- Supreme Court of the United States

Argued April 19, 1977 Decided June 27, 1977
- Full case name: Dothard, Director, Department of Public Safety of Alabama, et al. v. Dianne Rawlinson, et al.
- Citations: 433 U.S. 321 (more) 97 S. Ct. 2720; 53 L. Ed. 2d 786; 1977 U.S. LEXIS 143; 15 Fair Empl. Prac. Cas. (BNA) 10; 14 Empl. Prac. Dec. (CCH) ¶ 7632

Case history
- Prior: Appeal from the United States District Court for the Middle District of Alabama

Holding
- Under Title VII of the Civil Rights Act of 1964, an employer may not, in the absence of business necessity, set height and weight restrictions that have a disproportionately-adverse effect on one gender.

Court membership
- Chief Justice Warren E. Burger Associate Justices William J. Brennan Jr. · Potter Stewart Byron White · Thurgood Marshall Harry Blackmun · Lewis F. Powell Jr.
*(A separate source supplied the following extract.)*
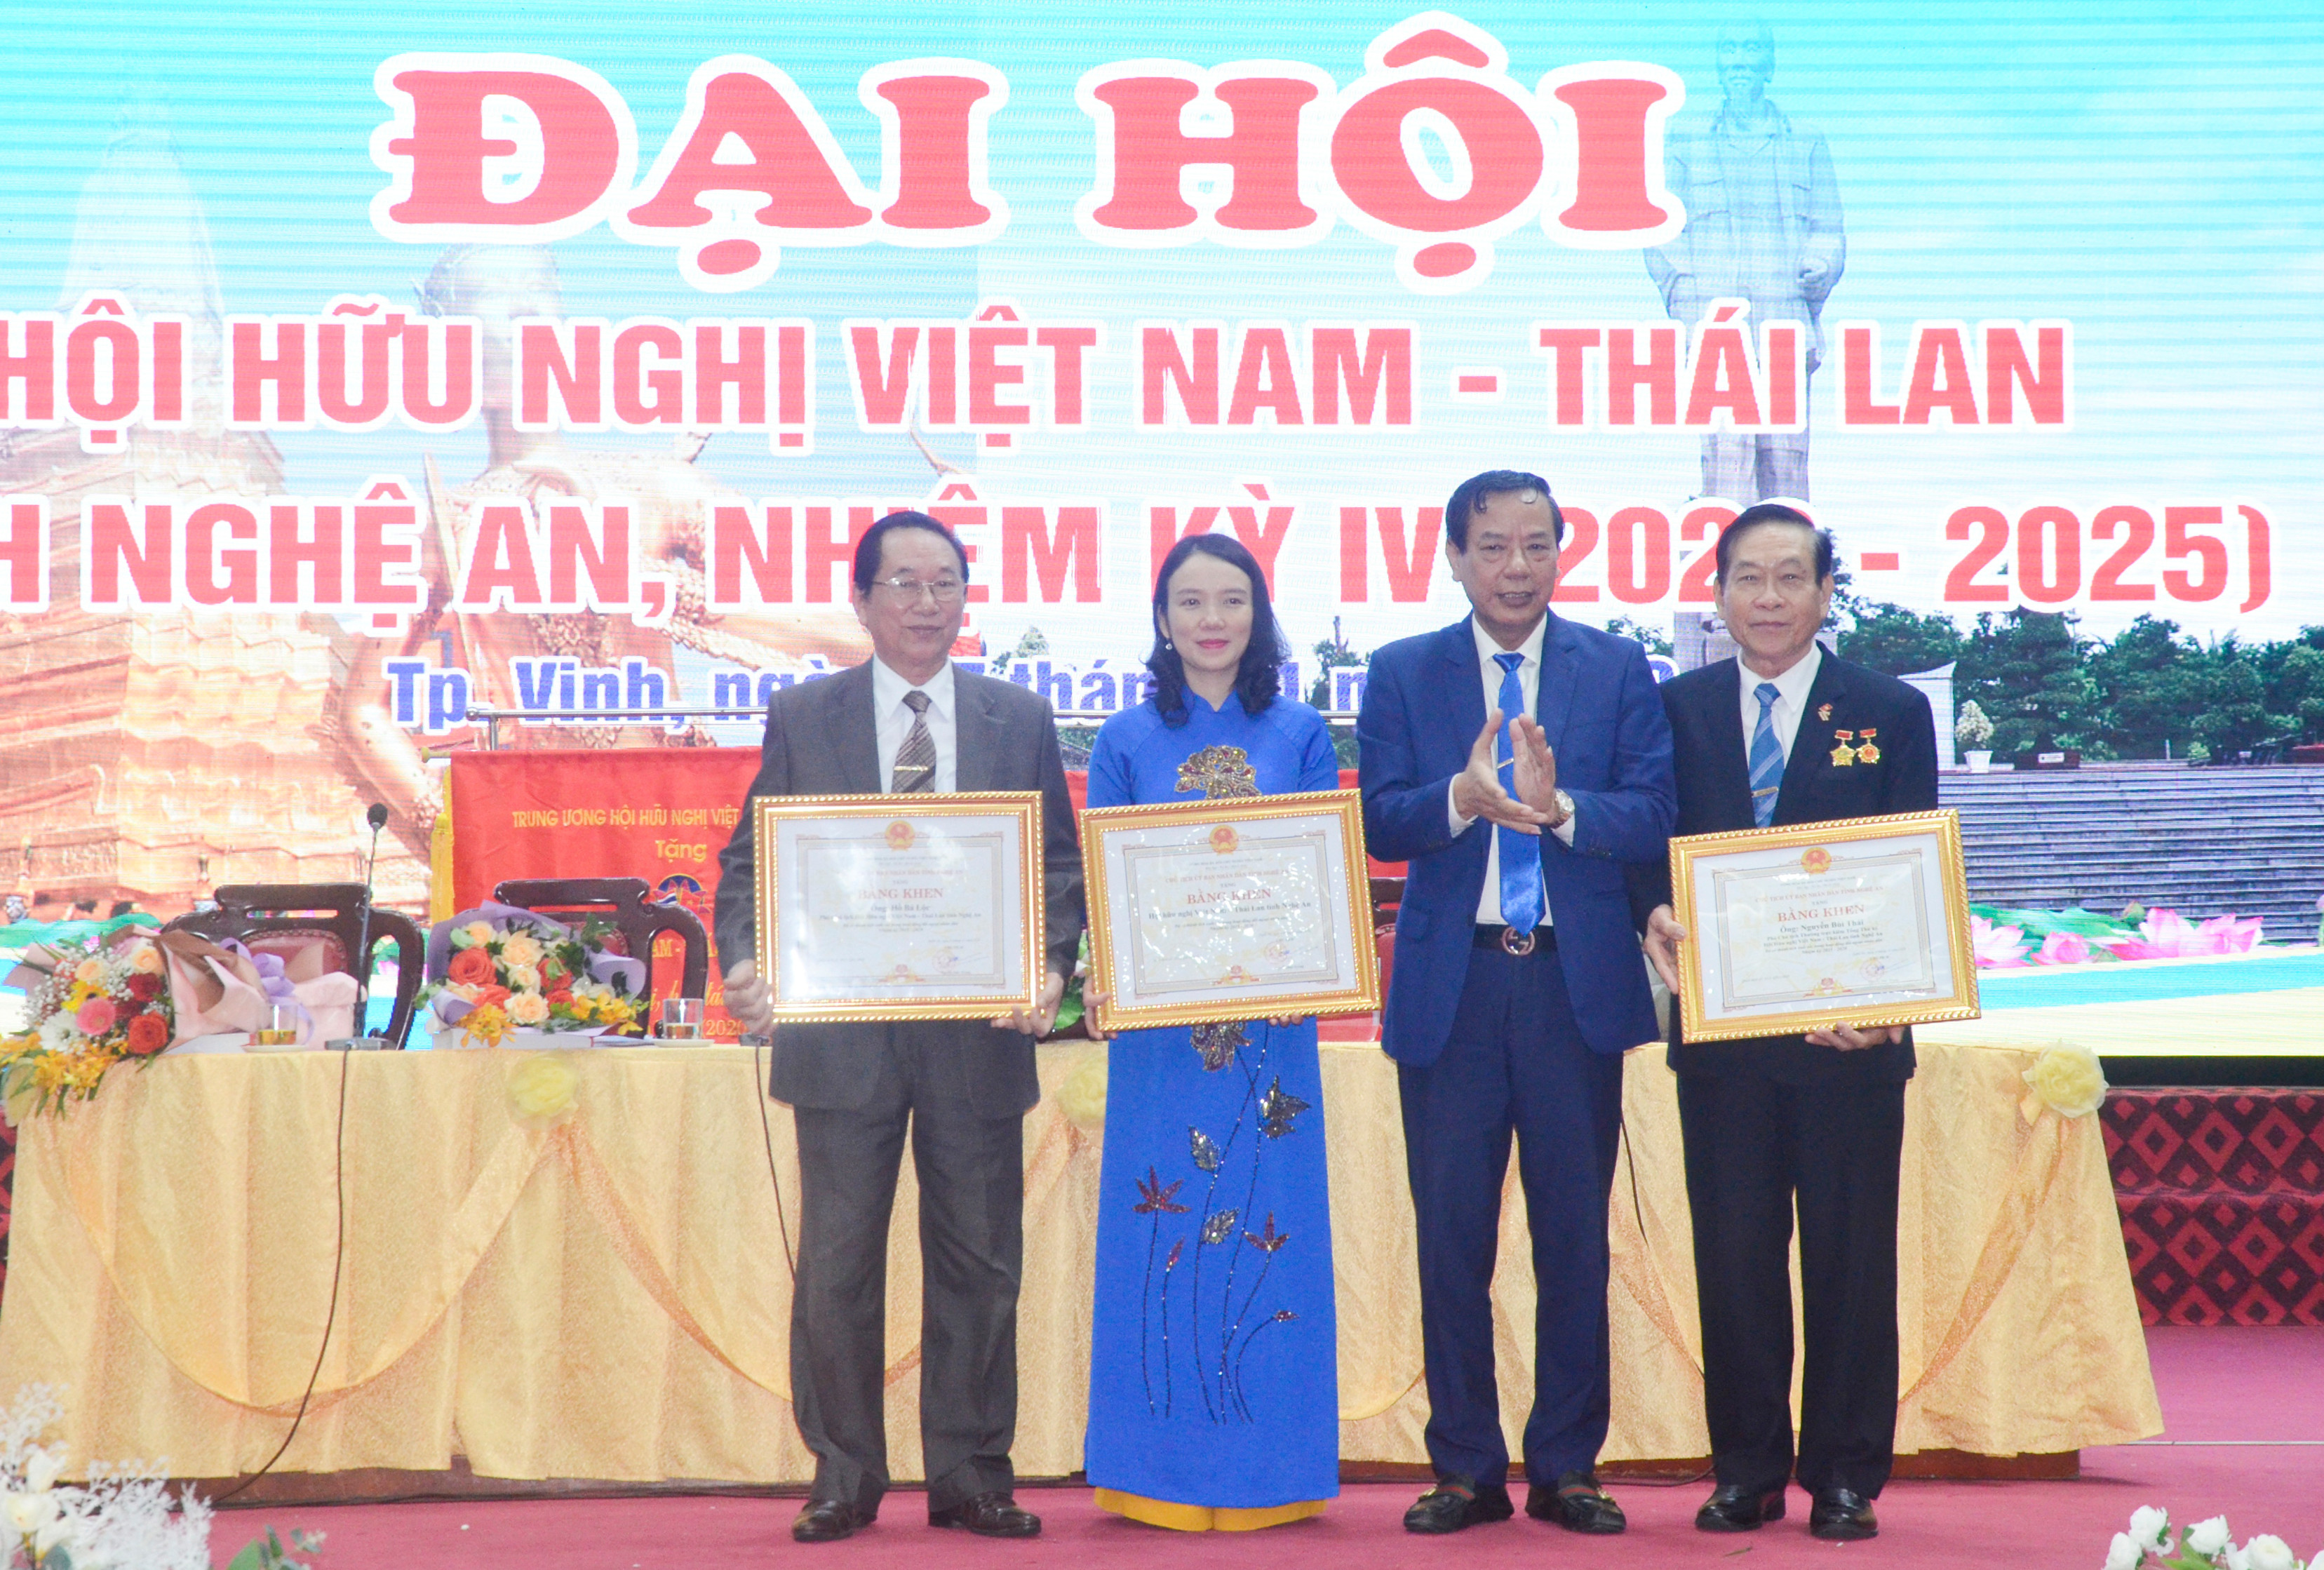 UBND tỉnh tặng Bằng khen cho tập thể và cá nhân của Hội hữu nghị Việt Nam - Thái Lan tỉnh Nghệ An. Ảnh: Thanh Lê

William Rehnquist · John P. Stevens

Case opinions
- Majority: Stewart, joined by Powell, Stevens; Burger, Blackmun, Rehnquist (Parts I & III); Brennan, Marshall (Parts I & II)
- Concurrence: Rehnquist, joined by Burger, Blackmun
- Concur/dissent: Marshall, joined by Brennan
- Dissent: White

= Dothard v. Rawlinson =

Dothard v. Rawlinson, 433 U.S. 321 (1977), was the first United States Supreme Court case in which the bona fide occupational qualifications (BFOQ) defense was used.

==Background==
In 1977, there were height and weight restrictions (minimum 5’2”, 120 lbs) to be considered as an applicant for an Alabama prison guard. Such requirements ruled out Dianne Rawlinson, who brought forth a class action suit against the requirements under the disparate impact theory of Title VII. After Rawlinson filed her suit, Alabama passed a regulation requiring that guards be the same sex as the inmates. Alabama then had four all-male maximum security prisons and only one all-female prison.
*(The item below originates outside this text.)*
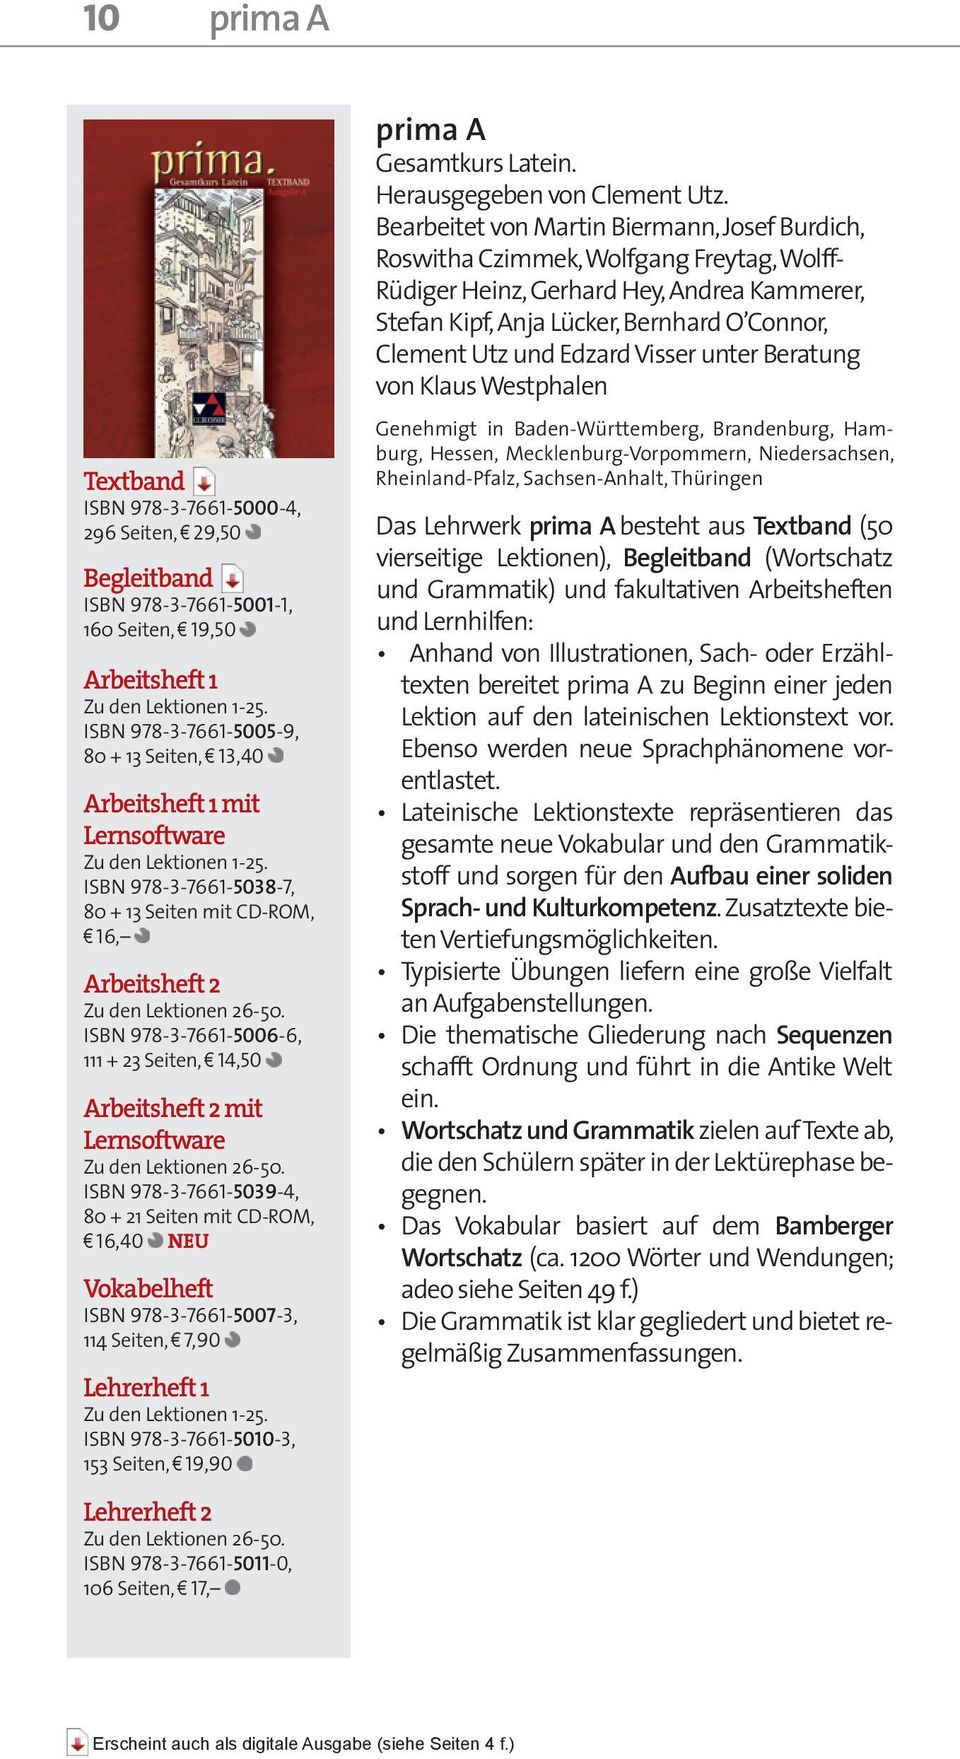 ISBN 978-3-7661-5006-6, 111 + 23 Seiten, 14,50 Arbeitsheft 2 mit Lernsoftware Zu den Lektionen 26-50.

The lower court sided with Rawlinson and claimed that the requirements created an arbitrary barrier to equal employment to women. The state then appealed to the Supreme Court and claimed that the sex, height, and weight requirements were valid occupational qualifications because of the nature of the job.

==Judgment==
The Court ruled 8-1 that the height and weight restrictions were discriminatory and that the employer had not proven that the height and weight standards were necessary for effective job performance. On the issue of whether women could fill close contact jobs in all male maximum security prisons, the Court ruled 6-3 that the BFOQ defense was legitimate in this case. The reason was that female prison guards were more vulnerable to male sexual attack than male prison guards were.